+++ Exercise data +++

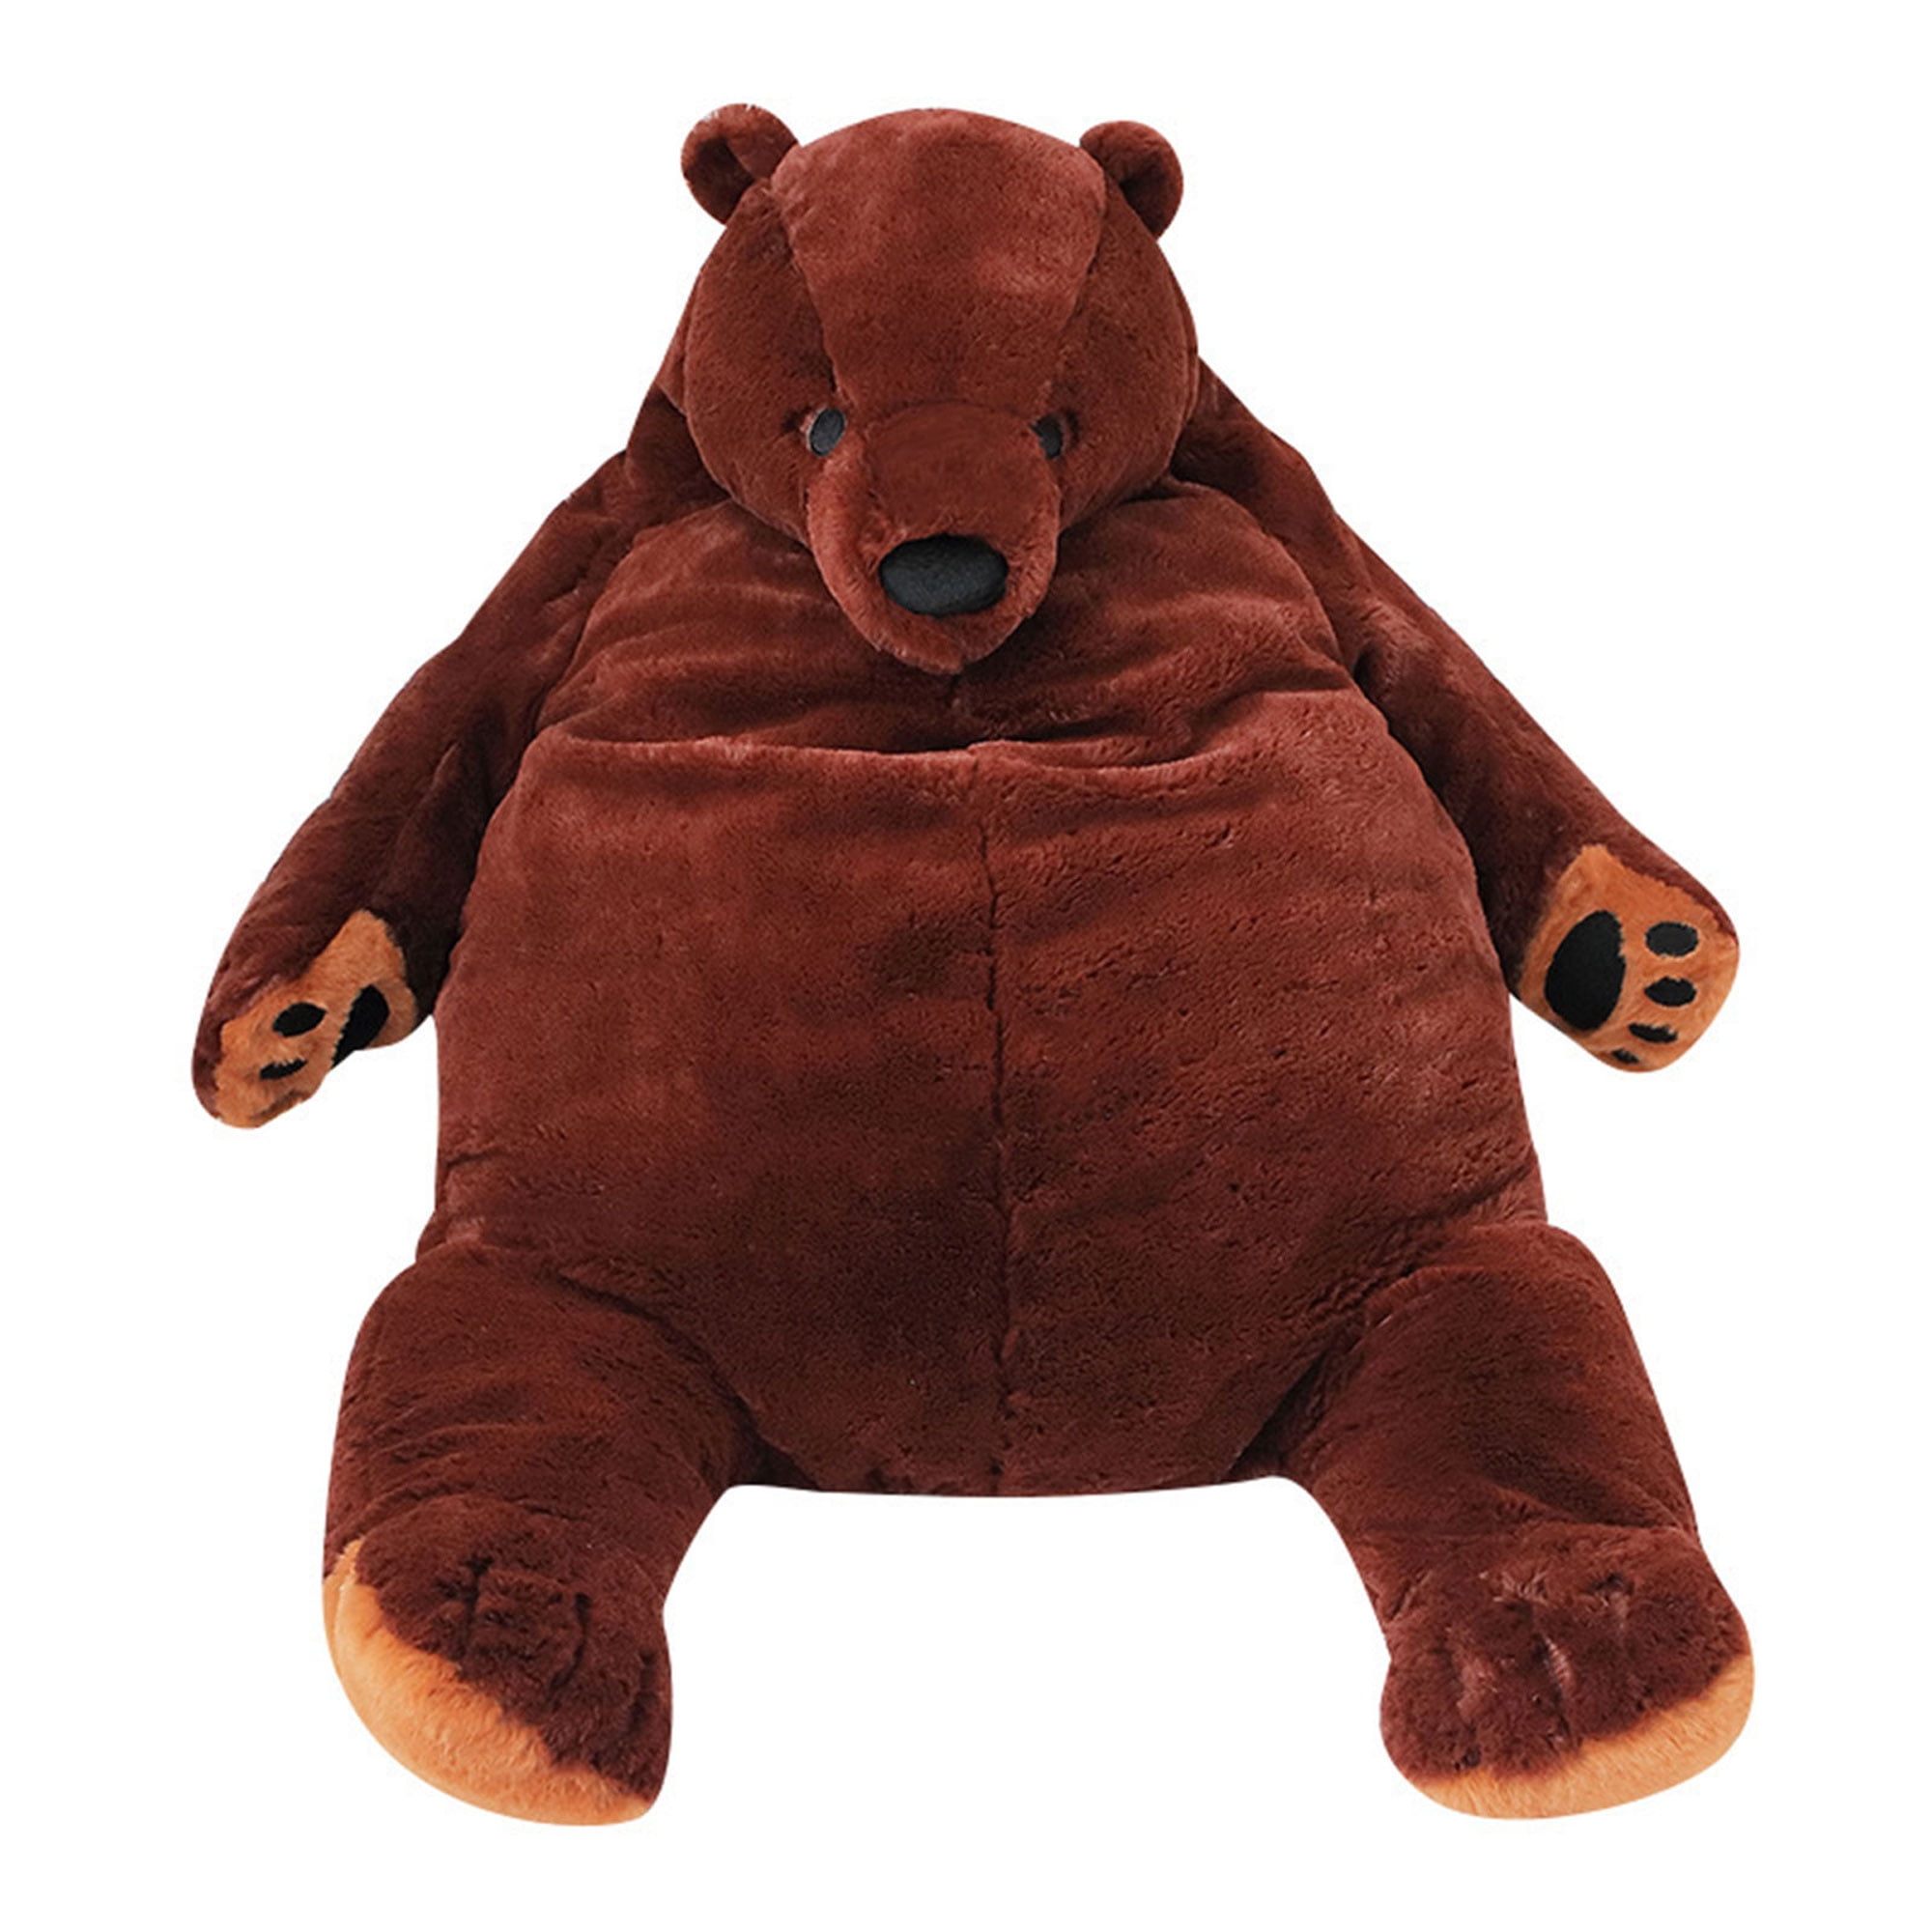 Big Stuffed Animal Gift 60CM-120CM Huge Teddy Bear Giant Plush Soft Cotton Toy 
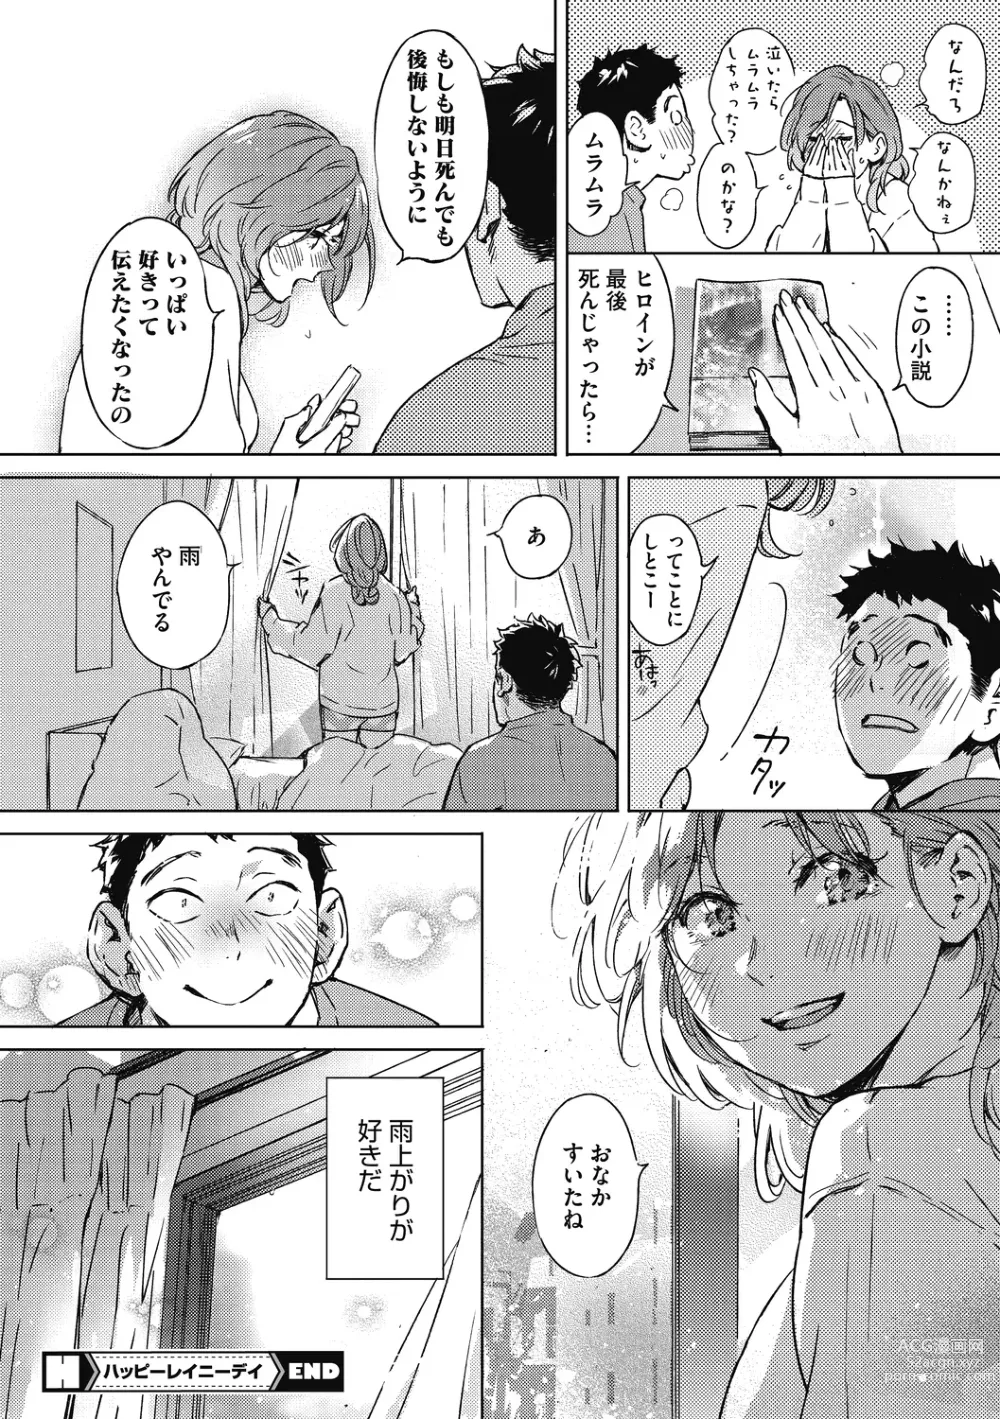 Page 208 of manga Barairo ni Somare - Feel so PINK!
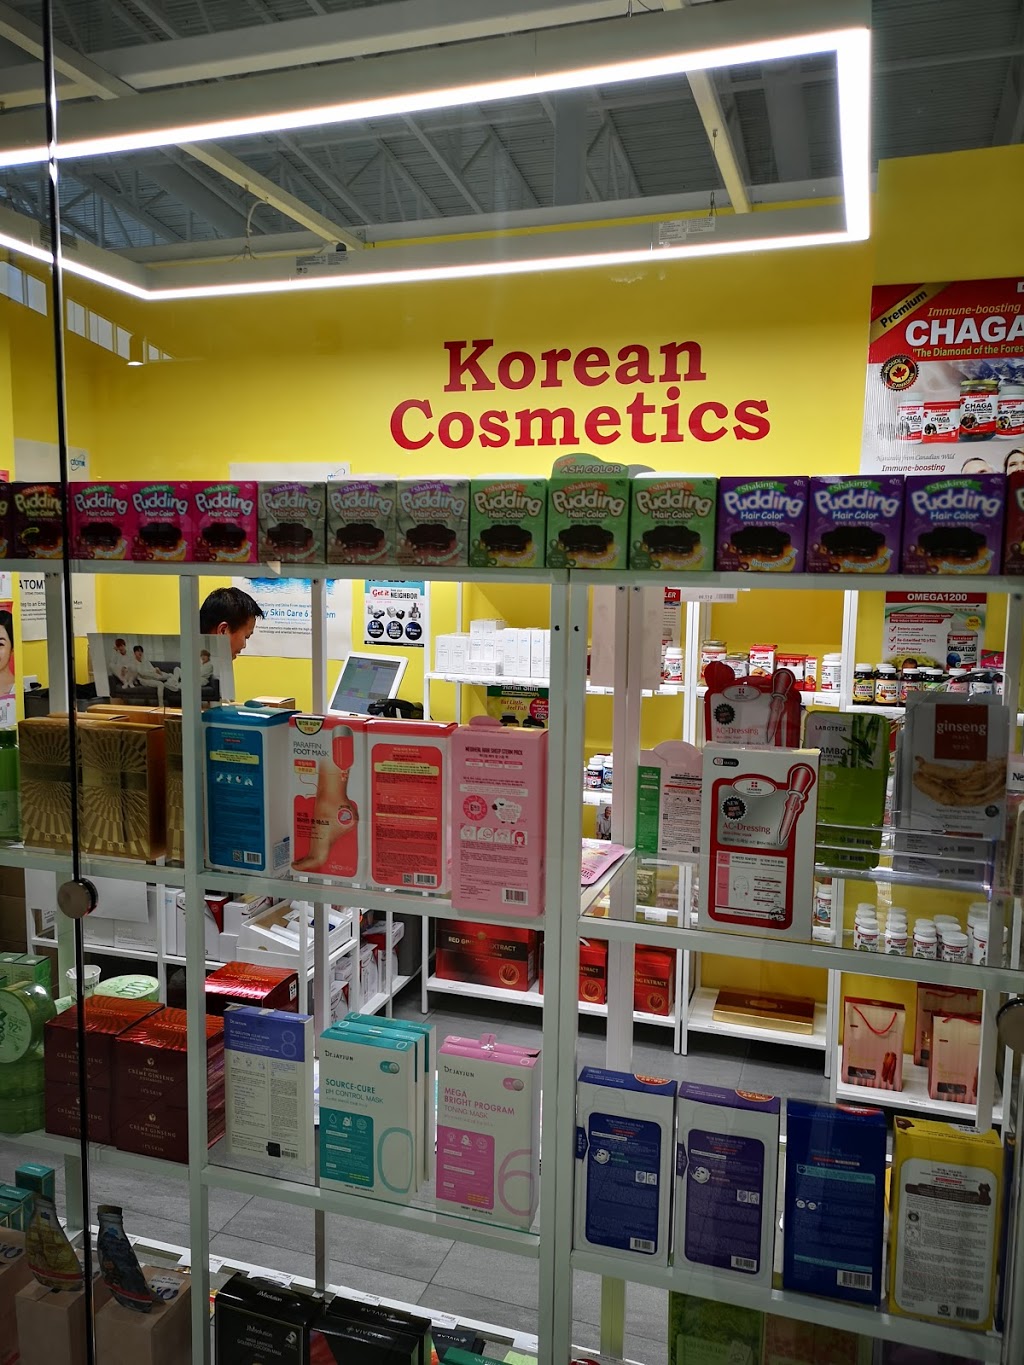 Korean Cosmetics/Koreana B&H | Newhorizonmall, 260300 Writing Creek Cres, Balzac, AB T4A 0X8, Canada

+++

Without the pictures, give every line of the data again, exactly as written.

_Solution to this exercise_
 Big Stuffed Animal Gift 60CM-120CM Huge Teddy Bear Giant Plush Soft Cotton Toy 
 Page 208 of manga Barairo ni Somare - Feel so PINK!
 Korean Cosmetics/Koreana B&H | Newhorizonmall, 260300 Writing Creek Cres, Balzac, AB T4A 0X8, Canada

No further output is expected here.